Einsatzkräfte erhalten Sonderfahrberechtigung

Mitarbeiter des DRK Schemmerhofen absolvieren Ausbildung zum Führen von schweren Einsatzfahrzeugen

Sechs Einsatzkräfte des Deutschen Roten Kreuzes (DRK) Schemmerhofen haben eine Ausbildung zum Führen von Einsatzfahrzeugen bis 7,5 Tonnen zulässiger Gesamtmasse mit Anhängerausbildung absolviert. Einsätze der Feuerwehr, der Rettungsdienste und sonstigen Katastrophenschutzeinheiten erfordern oft einen Einsatz mit größeren Fahrzeugen mit einer zulässigen Gesamtmasse von 7,5 Tonnen.
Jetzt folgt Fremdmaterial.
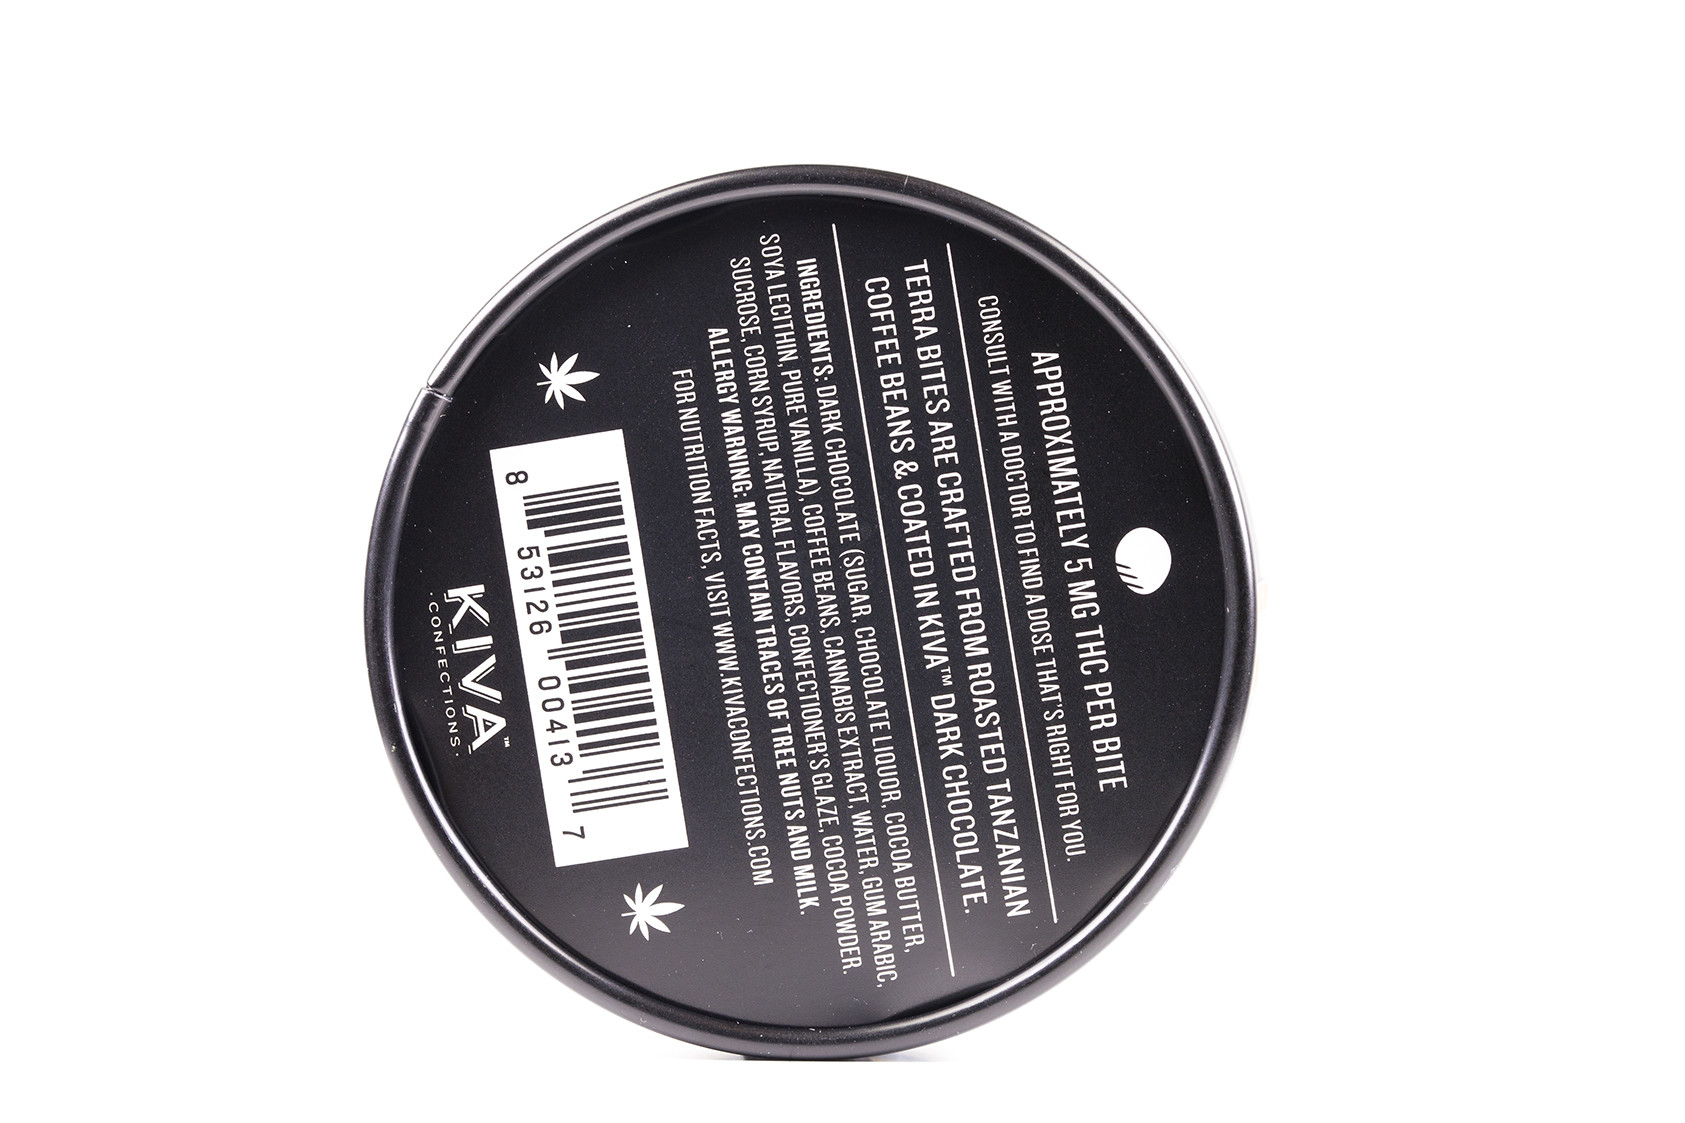 Kiva Espresso Terra Bites - Goods | MERRY JANE

Seit der Einführung der neuen Führerscheinregel - Führerscheinbesitzer der Klasse B dürfen nur noch Fahrzeuge mit einer zulässigen Gesamtmasse von 3,5 Tonnen fahren - kam es bei Rettungsdiensten und Hilfsorganisationen zu erheblichen Problemen beim Führen von Einsatzfahrzeugen.
Sonderfahrberechtigung
Um den Rettungsdiensten und Katastrophenschutzeinheiten die organisatorische und praktische Umsetzung ihrer Arbeit zu vereinfachen, beschloss der Bundestag eine Sonderfahrberechtigung, eine Erweiterung des Klasse-B-Führerscheins, einzuführen: Neben der bisherigen „kleinen“ Fahrberechtigung für Einsatzfahrzeuge bis zu einer zulässigen Gesamtmasse von 4,75 Tonnen wurde also eine „große“ Fahrberechtigung für Einsatzfahrzeuge bis zu 7,5 Tonnen (inklusive Anhänger) geschaffen.
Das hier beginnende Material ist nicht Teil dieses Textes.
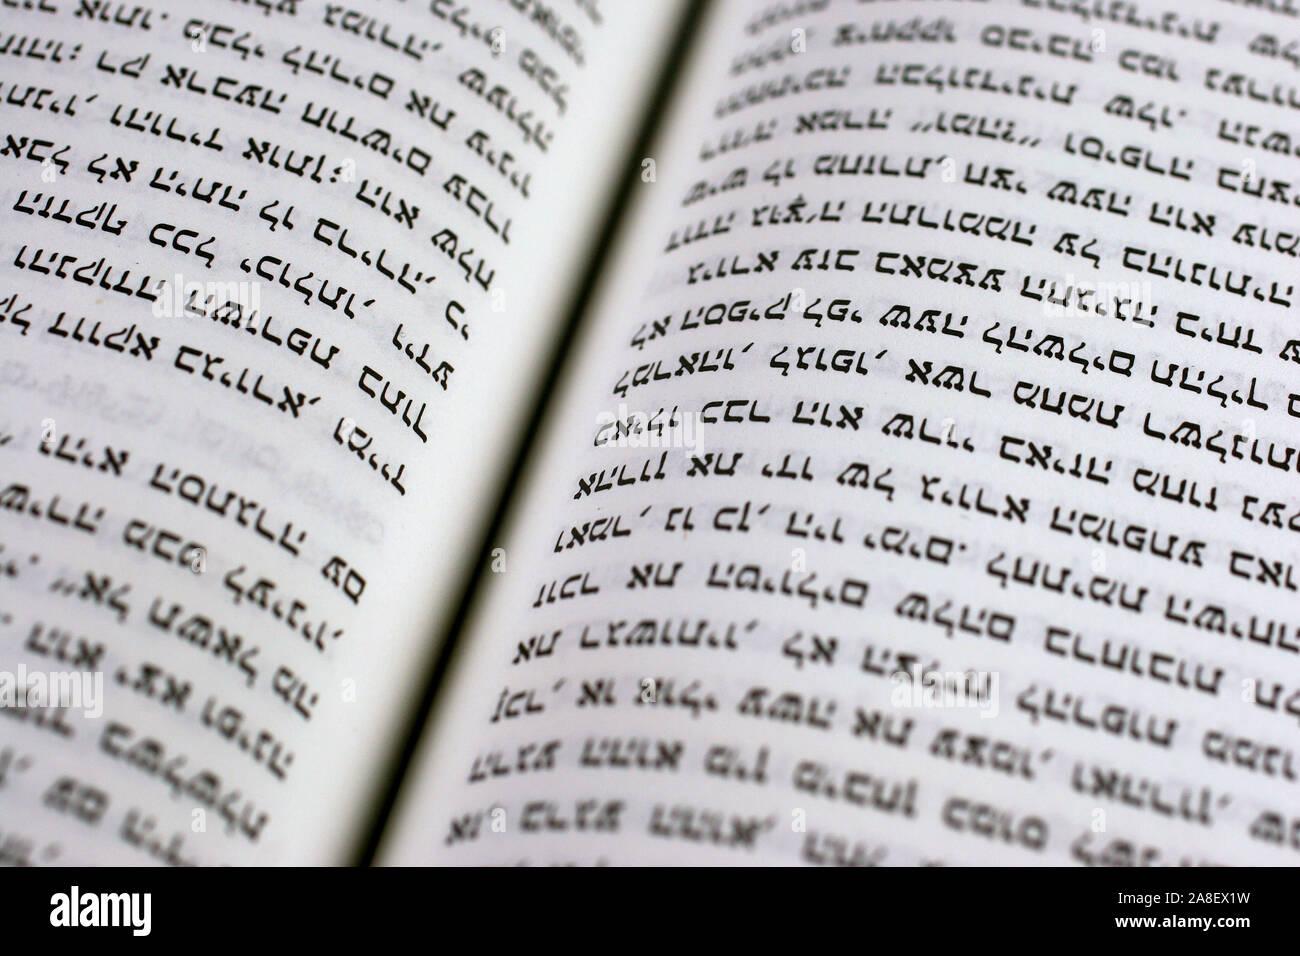 Buch in hebräischer Schrift, Stock Photo

Im Normalfall wäre die Führung nur mit dem Klasse-C1-Führerschein möglich gewesen. Die Sonderfahrberechtigungen gelten jedoch nur für das Führen von Einsatzfahrzeugen zu Einsatz-, Übungs- und Ausbildungszwecken. Privatfahrten sind ausgeschlossen.
Erstmalig absolvierten sechs Einsatzkräfte des DRK Schemmerhofen im Kreisverband Biberach organisationsübergreifend mit einem Ausbilder der Feuerwehr die Sonderfahrberechtigung zum Führen von Einsatzfahrzeugen. Herbert Glutsch, Kommandant der Feuerwehr Äpfingen und Ausbilder für den BOS-Führerschein, führte die Ausbildung am Standort Schemmerhofen durch. Die theoretische und praktische Ausbildung umfasst jeweils zwei Stunden Theorie, zwei Stunden Anhängerausbildung und jeweils fünf Stunden Einzelfahrausbildung. Die praktische Ausbildung wurde mit einem Mannschaftstransportwagen (MTW) mit LKW-Zulassung sowie einem Geräteanhänger vorgenommen.
Vielseitige Fahrübungen
In der theoretischen Ausbildung vermittelte Herbert Glutsch die Abfahrtskontrolle sowie die rechtlichen und gesetzlichen Grundlagen zum Führen eines Einsatzfahrzeugs. Durch die praktischen Fahrstunden mit den Übungen zur Rückwärtsfahrt, Slalomfahrt, Durchfahrtshöhe und -breite und das Zielbremsen übten die Teilnehmer ihr Können. In den weiteren fünf Fahrstunden wurden die Überland- und Stadtfahrten absolviert. Alle sechs Teilnehmer des DRK Schemmerhofen absolvierten die Ausbildung unter der Aufsicht eines Prüfers des Landratsamts.